The vast majority of these tests were recorded, which allowed us to also line up the videos, and identify hot spots where users were getting caught up, and see what their exact time-on-task was.

Due to both business privacy and HIPPA guidelines, those tests cannot be shown here.

All data from the numerous user tests were compiled for both qualitative and quantitative feedback to the stakeholders. The videos specifically became incredibly useful in showing the development team why we had to design things in a specific way, to reduce the users time-on-task, based on how their brains worked when looking at these screens. Engineers tend to think like, well, engineers, and not as a clinician treating a patient.

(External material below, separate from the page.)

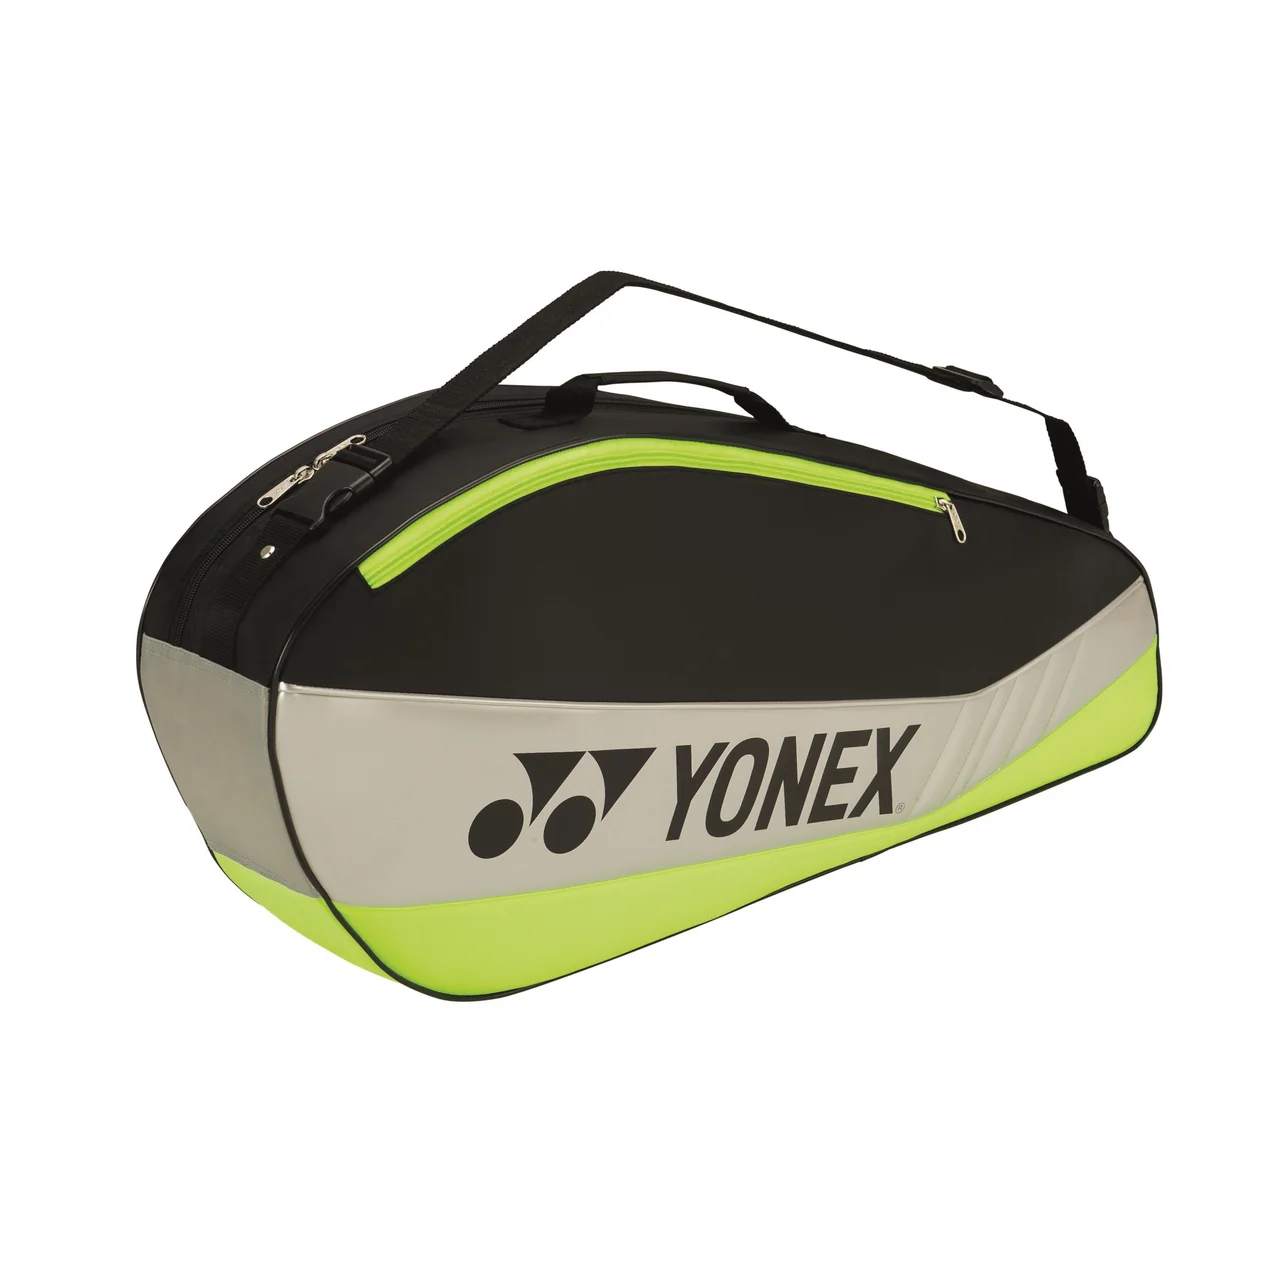 Yonex Club Bag x3 Black/Lime

This feedback was documented and presented in bi-weekly meetings to make sure everyone understood when we felt a component was finished and in a good place, or why we we’re still working on the design and recommending to not proceed with development. In the end, this saved the company millions on labor and technical debt.

96%

Ease of Use

92%

Increased Productivity

4.87 / 5

Overall Satisfaction

600%

Training Time Reduction

Unfortunately, I left the DaVita before the final rollout of CWOW and Chairside, however, it was very well received by the initial test clinics. And in talking with my former colleagues, it has been expanded to be in use in several hundred clinics at this point, with the plan to shift all clinics to it completely within the next year.